Thursday morning I wake up and wander out of my room. Earlier Mac has asked if he and Sailor can get up and play. Not sure why he feels the need to ask for permission. I am greeted by a small voice calling out from the cavernously dark living room. “Good morning, Mommy!”
I return the greeting. Both boys stand before me in their new “elf” pajamas, which we purchased on a bit of a whim last night when the boys “suddenly” remembered that they wanted elf costumes for Christmas. Mac is covered in green fleece. Atop his head is his elf hat, purchased a few years ago but still too big. Atop Sailor’s head, one of our Santa hats. But covering his face is his Darth Vader mask. “I am not Darth Vader,” he informs me. “I am an elf but I am allergic to reindeer.” This mask would help him breathe, apparently.
Earlier in the week Sailor’s friend Sophie D. comes to play. Her mom dropps her off and I drive both kids to school. Sophie is well behaved and Sailor is super-silly. They have a great time together. And I realize this may in fact be Sailor’s first drop-off play date. But I can’t be certain. So "second-child…" Over lunch I notice Sophie has a tattoo stuck to her arm. “It’s a spider,” Sailor says.
“Actually it’s a tarantula,” Sophie corrects. “Tarantulas can attack you,” she continues.
“How?” Sailor asks.
“I don’t know.” Then Sophie consoles, “But you only have a little bit of a chance of being attacked by a tarantula here because most tarantulas live is Texdis.”
“Where?” Sailor asks.
“Texdis?”
“Where?!”
“Austin, Tess-dis. TESS-DIKS! Say it, TESK-DIS!”
Sailor tries but has no idea what Sophie is really trying to tell him. I can’t help laughing at the exchange.
At school Sophie tells everyone that she had a play date with Sailor and that she got to walk to school with him, which I find funny because we drove. The most remarkable part to me is the unlikely pairing of their friendship. While Sailor just turned 4 in September, Sophie celebrated her 5th birthday a few weeks ago. Despite this, the two seem to really like one another. By coincidence, Sophie’s older sister is in Mac’s class.
I think Sailor has picked up on too much label reading of the foods we eat. At soccer on Tuesday I somewhat absentmindedly pick up his gym shoe and look at the size tag inside while I wait for him to put on his soccer uniform. “Is it good for me, mom? Is it ok for me to wear?” he asks.

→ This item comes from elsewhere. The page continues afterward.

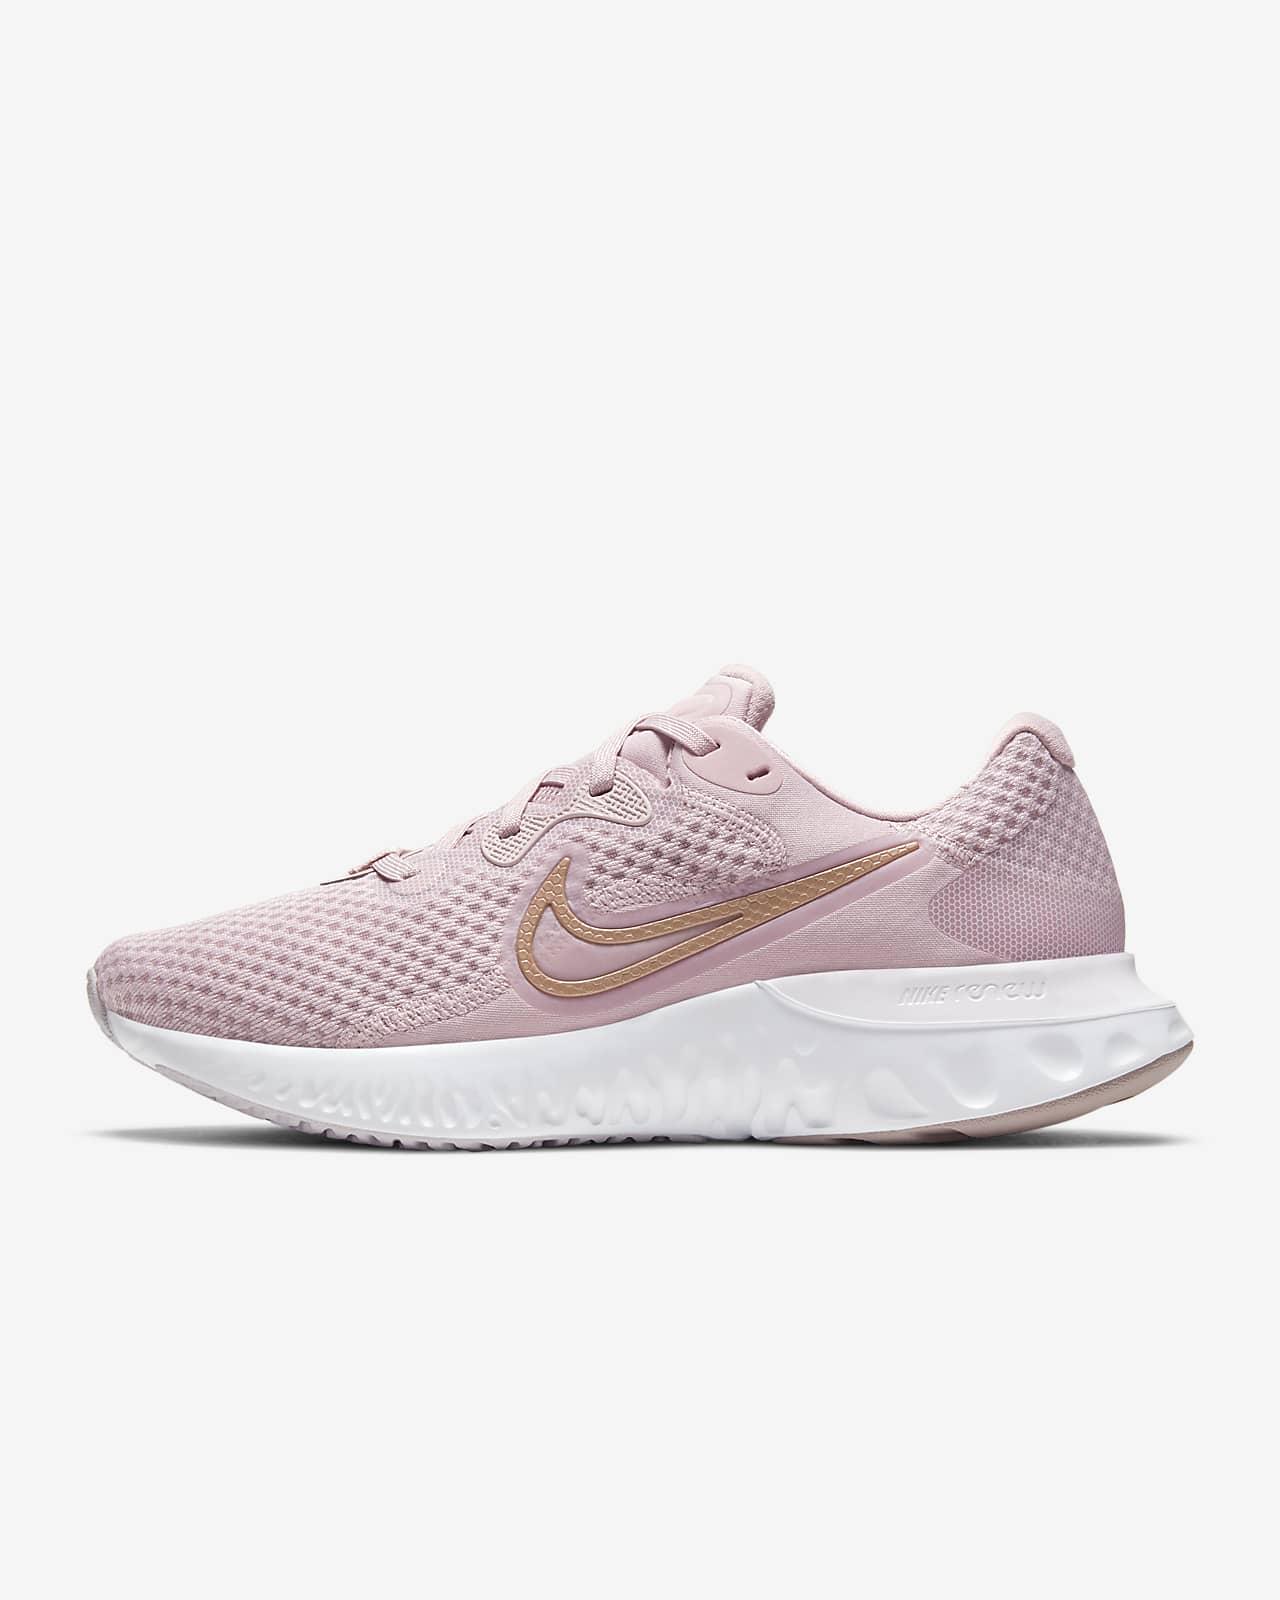 Chaussure de running Nike Renew Run 2 pour Femme. Nike FR
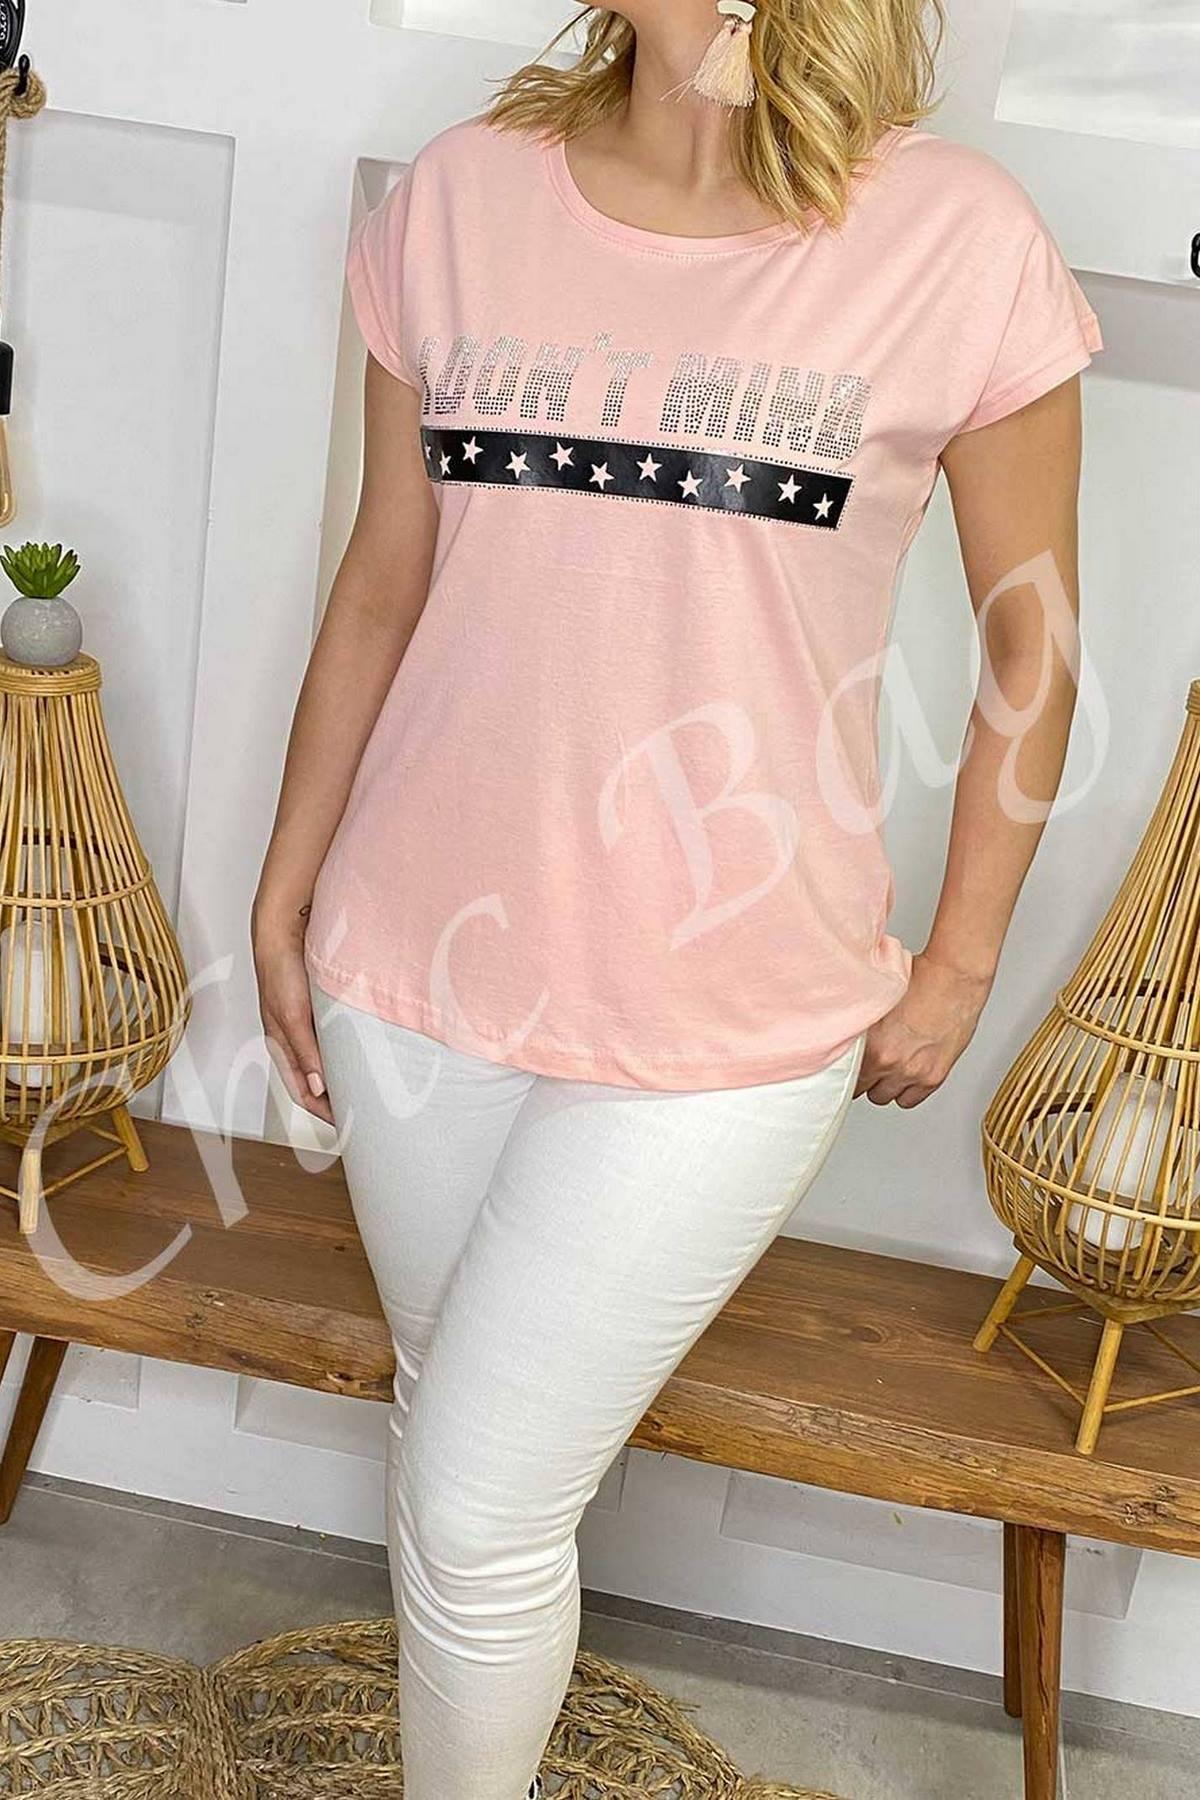 https://resim.chicbag.com.tr/p000955/ppb/i-dont-mind-baski-t-shirt-swns-01df4f8b51aa.

We rush out of French on Wednesday to do noon hour activities for Mac’s class again this week. I set Sailor at Mac’s desk to eat part of his lunch and then I get busy prepping for the kids. They arrive like bulldozers and within moments I realize that my project is horribly inadequate to fill 20 minutes. Luckily I have brought a Christmas stocking maze for each child to work through, a word find puzzle with this week’s spelling words, which I made myself, and the remaining wooden ornaments from last week’s project. Midway through the activities I look up and see Sailor, still sitting at Mac’s desk. He has been so quiet and well-behaved I forgot momentarily that he is here with me. Mac does not join us for this activity and I wonder at the intelligence of working my butt of to do a project for my son’s class so I can be with him only to have him not show up. I am not truly offended, though.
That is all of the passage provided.